Monday, January 26, 2009

Schering the Wealth

When three people forward you an article in the course of thirty minutes, it is generally a good sign that the article is being widely read and distributed. And in the case of the MediaWeek article on Schering-Plough’s intent to place a $10M digital out-of-home advertising campaign, it is not surprising. To learn that Schering is doing what Procter & Gamble, Kimberly-Clark and Unilever promised to do a year ago, is great news indeed.

Since that analyst meeting last year when the Big 3 CPG companies explained their intent to reallocate advertising and promotional spends toward alternative media, including OOH, a groundswell of interest in the medium has risen. We can attest to the fact that the Schering ads will not be running in a vacuum. Some major deals are brewing in the advertising space, and the agencies are getting involved. On the industry side, ad placement specialists such as Adcentricity, SeeSaw and Immersion OOH have appeared, attracted investment capital and developed relationships with networks and advertisers. With aggregators, internal ad sales forces and agencies all working hard, there is some channel conflict, but plenty of action. Clearly, national ad sales will be the single most important indicator of our progress as an industry. Despite the setbacks we have had in the measurement standards arena, I believe that networks and advertisers will work together to accommodate the need for good data, and establish a standard that will work for everyone, even if it is not a gold standard CPM.

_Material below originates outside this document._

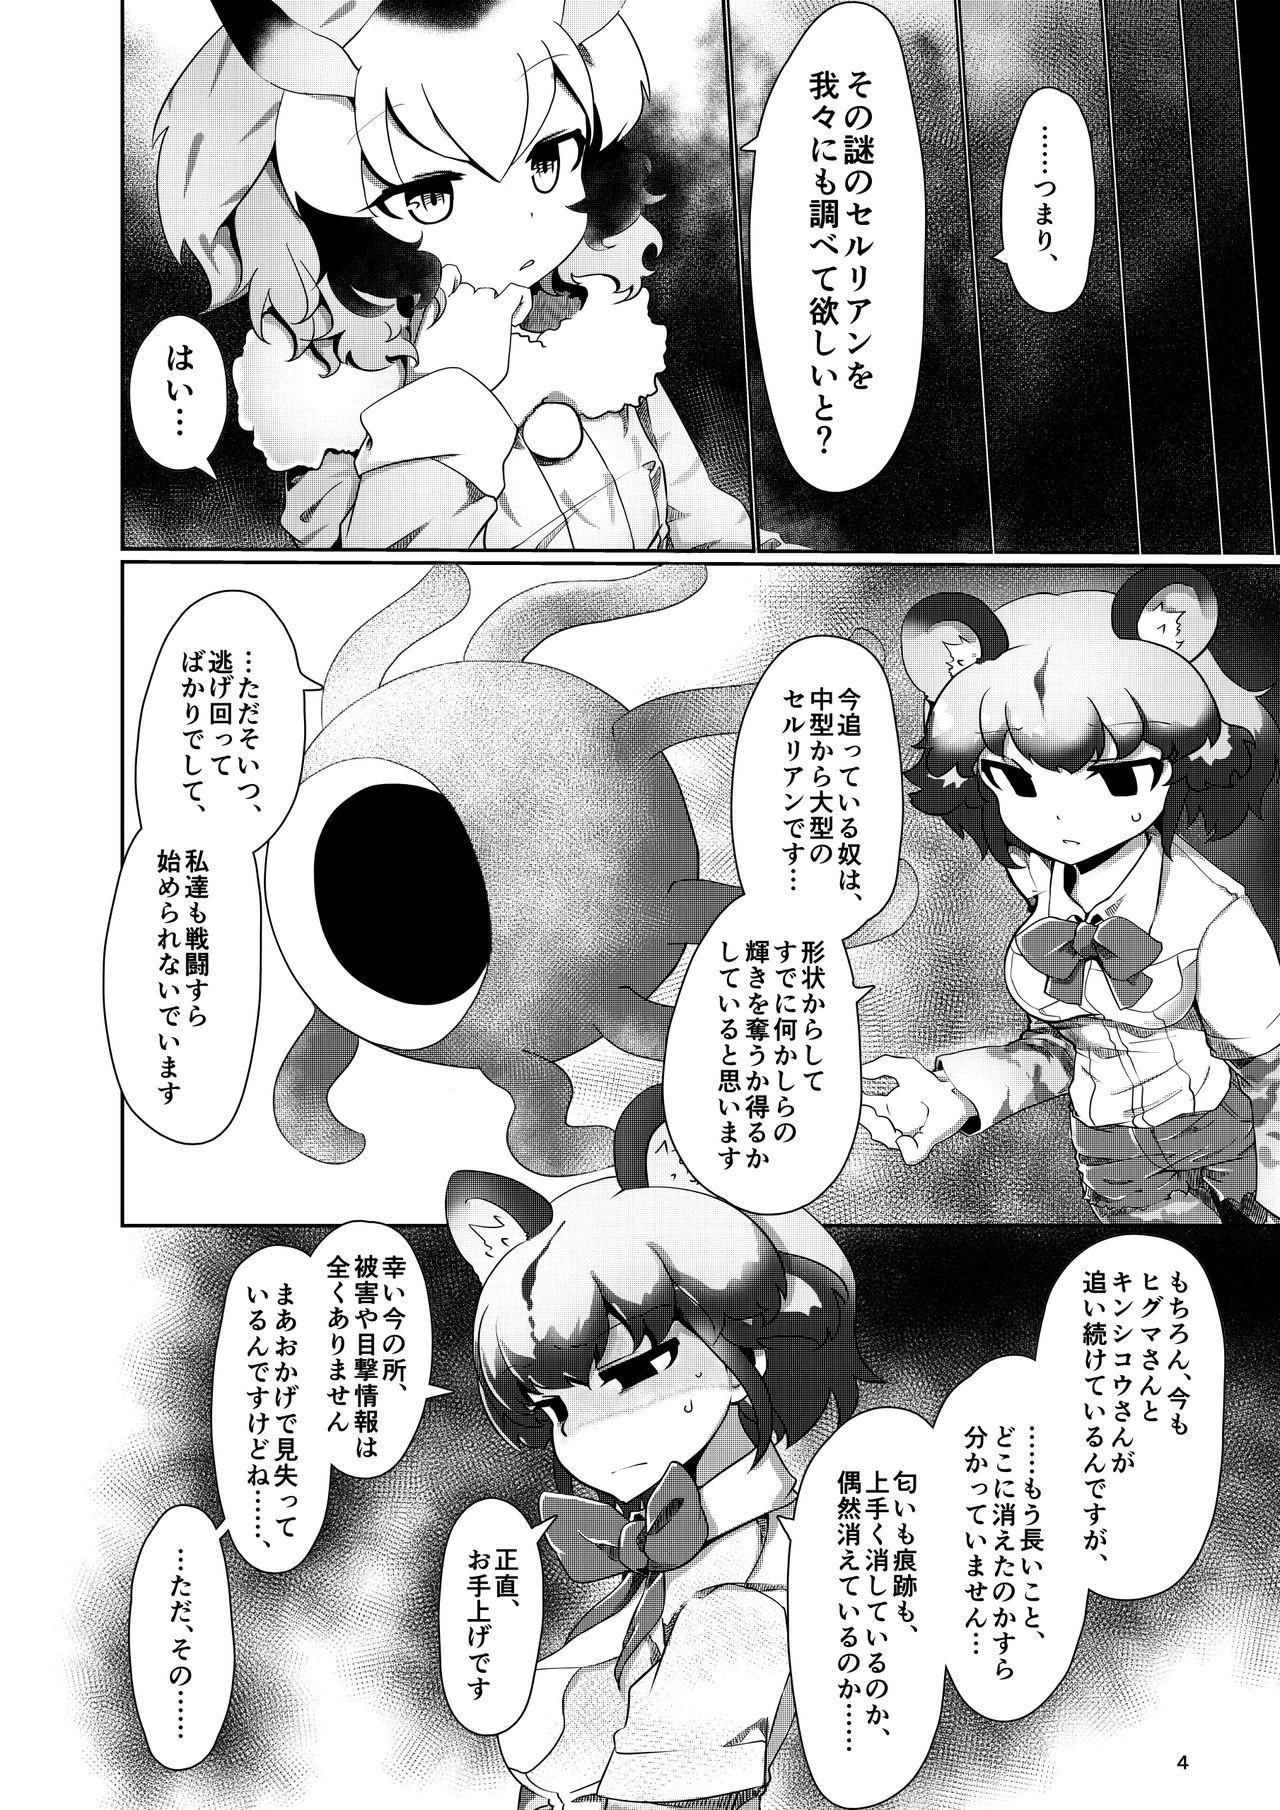 18yo APPLE WOLF 0007 Kono wa Ecchi 4 - Kemono friends Toes - Page 4

As for me, I am off to buy some Dr. Scholl’s inserts, some Claritin and some Coppertone for the Florida sun. I’ll support those who support digital OOH!

Thursday, January 15, 2009

Big Show Invokes Higher Authority

Some observations from the National Retail Federation (NRF) annual conference (a/k/a “The Big Show”) in New York, which ran this week:

- Attendance was noticeably down. I have attended this event for 21 consecutive years, in good markets and bad, and when I did not have to wait in line for my badge on Monday morning, I knew it was going to be light. No one ever knows what actual attendance is at trade shows, as the official releases do a good job of blending exhibitor attendees numbers with paid delegates, obscuring the facts to their advantage. The buzz on the floor was that attendance was off 40%, and that there were in excess of 60 exhibitor no-shows. I did find some physical evidence that NRF had insight into the state of mind of the potential attendees:




















- Despite the light traffic, it was apparent that the folks who attended did so with a sense of mission. I spoke with many journalists who reported that the vendor community had noted a higher quality of interaction, offsetting the lack of quantity. While that may sound like spin to some, based upon my own interactions, I would argue there is truth to the assertion of higher quality.

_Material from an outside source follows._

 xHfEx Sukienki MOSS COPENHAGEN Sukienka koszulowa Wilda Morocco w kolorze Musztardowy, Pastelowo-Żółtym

- Digital signage was well-represented on the exhibit hall floor, with several dedicated companies from the industry represented, including of course RDM. There were also a number of traditional retail technology companies throwing out digital signage buzzwords to attract attention. It won't be long until we make it to the portfolio map on the retail CIO's wall at the current pace of growth in awareness.

- You can see from this AdAge web video, a number of vendors seem to like terms like “digital signage” and “on demand content” instead of the more descriptive terms “kiosk” and “interactive application”. While on one hand, our quest for semantic resolution is in serious peril, we can take solace in the fact that the words that describe the business of serving digital media over a network are all the rage.

- While there was certainly a sense of gloom at the conference, there were some fairly interesting new products and technologies on display. My take is that there will be a certain level of replacement cycle buying out there, as well as some previously-budgeted strategic application purchases as well. Historically, retailers have continued to invest in down economies. Our requirement as an industry is to elevate the discussion past buzz words and to a strategic level. I had many great conversations about what is next, and I can report that retailers “get it”. Concepts like convergence and integration have their place, but in the end, the value proposition of networked digital signage has to include brand building, customer engagement and corporate advancement.